FGTSでも20億レを横流し=CAIXA職員共謀の大型詐欺

連邦警察(PF)は、連邦貯蓄銀行(CAIXA)の職員が加担し、過去5年間で少なくとも20億レアル(約505億円)の公的資金を不正に流用した大規模な詐欺スキームを摘発した。犯罪組織は勤続期間保障基金(FGTS)や失業手当などの給付金の受給者情報を不正に入手し、「CAIXA Tem」という公的給付金専用のデジタル口座アプリを乗っ取って、送金や現金の引き出しを行っていた。この内容は20日に放送されたグローボ局の報道番組「ファンタスチコ」で取り上げられ、同日付G1など(1)(2)(3)でも報じられた。
犯行は銀行内部の協力者の助けを得、極めて巧妙に行われていた。犯行グループはインターネット上の違法サイトから数千件に及ぶ納税者番号(CPF)を入手し、その情報から受給資格のある個人を特定。こうして収集した個人情報は共謀していた同行職員に渡され、「CAIXA Tem」アプリ内の登録情報、特に被害者のメールアドレスが犯行グループの管理下にあるアドレスに書き換えられた。
その結果、新たなパスワードの生成が可能となった犯人たちは、対象口座に対する完全な支配権を手に入れ、即時決済システムのPixを用いた送金、請求書の支払、さらには現金の引き出しなどを実行していた。中には、グループの指示により、銀行窓口で直接現金を引き出す行為に及んだ行員も存在した。
犯行グループは、複数の口座に一度にアクセスできる専用のソフトウェアも駆使し、迅速に操作を行っていたという。1件あたりの被害金額はさほど大きくなかったが、同様の手口を繰り返し、多額の金を不正に取得していたとされる。
PFは犯行グループの首謀者の名前を明かしていないが、「ファンタスチコ」の独自調査によれば、その人物は「カレカ(坊主頭)」という通称で知られ、給付金受給者の口座に不正アクセスする犯行を指揮していた。彼は2022年に、リオ市内の同行支店付近で共犯者と共に逮捕されたが、2人はその後保釈され、起訴手続き待ちの状態だ。逮捕時に押収されたノートパソコンには、犯行の全貌を示す証拠が記録されていた。
PFには2010年以降、この種の犯罪に対処するための専門部門が設けられている。先週はリオ州内14市で新たな捜査活動を行い、携帯電話やコンピューターなどの証拠品を押収。この手口による詐欺は、複数の犯罪組織によって全国的に行われているという。
同件担当の捜査官ペドロ・シルヴァ氏は、「問題の本質は金融機関のデジタルセキュリティの脆弱性と監視システムの甘さにある。
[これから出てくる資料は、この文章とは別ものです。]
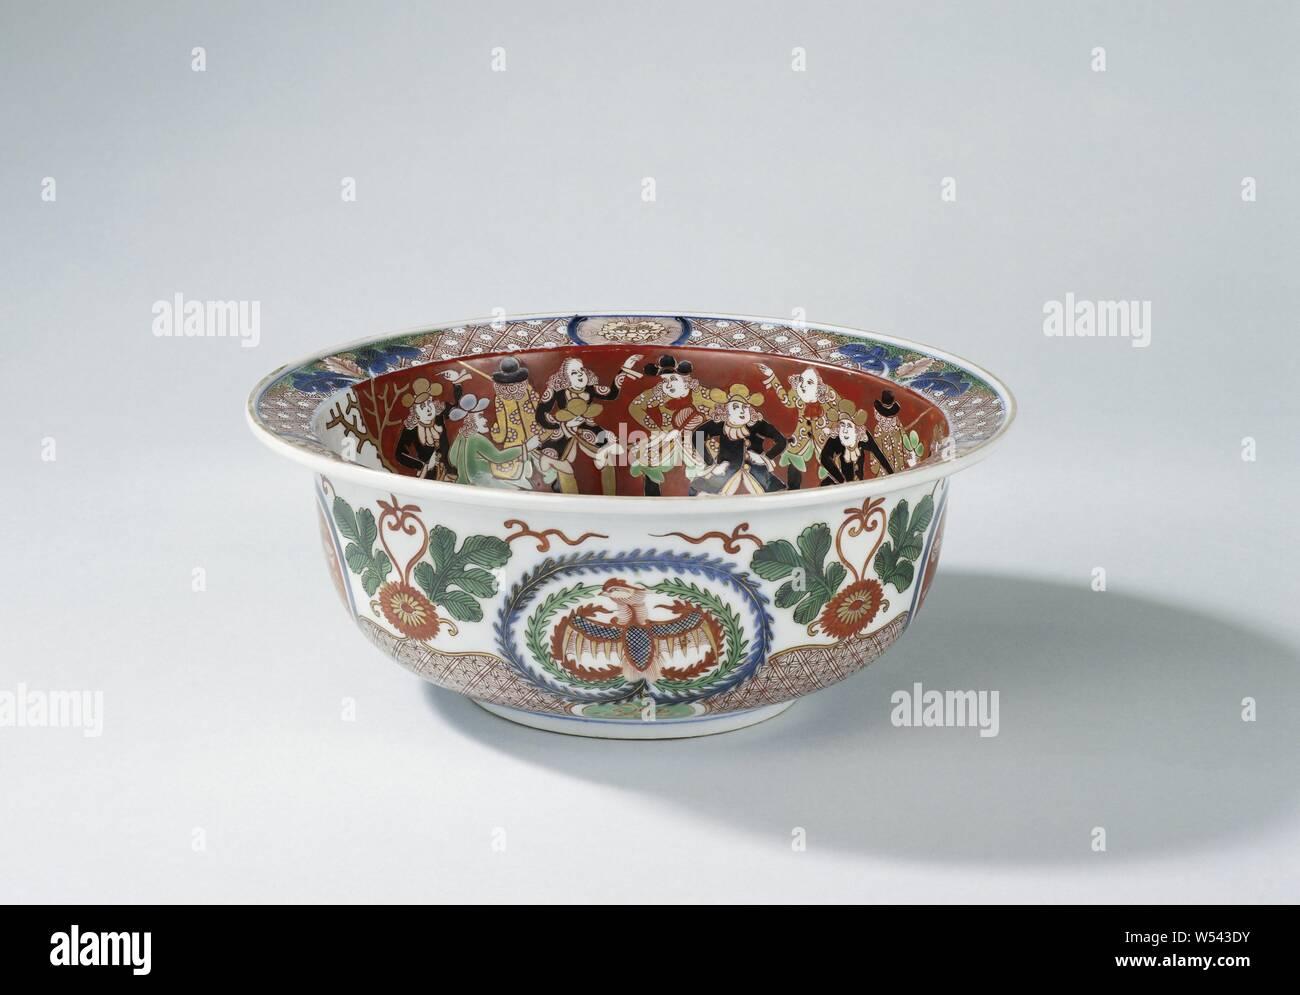 Set of 3 White Enamel Mixing Bowls Set Vintage Retro French Logo Styled Pots New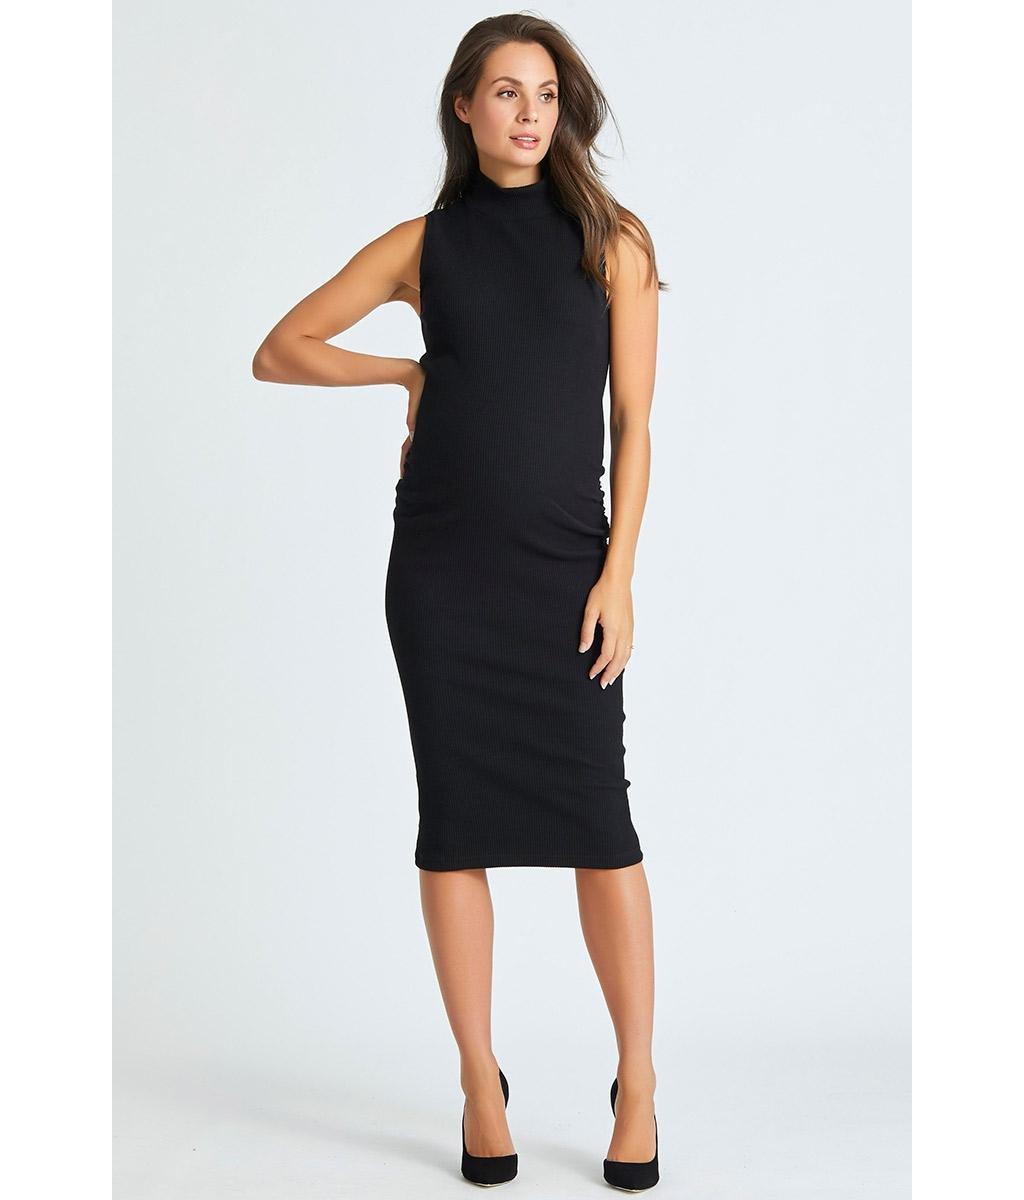 Audrey maternity rib dress 3 bears stylish black cotton stretch rib maternity bodycon dress ombrellifo Choice Image

詐欺対策部門の強化は極めて重要であり、オンライン上で発生している不正や不規則な取引を即座に検出することが求められている」と強調した。
一方、CAIXAは声明で、詐欺に関与した職員は既に解雇し、不正に引き出された資金は全額が被害者に返還されたと発表した。また、現在は新たなセキュリティ対策が講じられており、生体認証や人工知能を活用した予測型モニタリングシステムの導入が進められていることも明らかにした。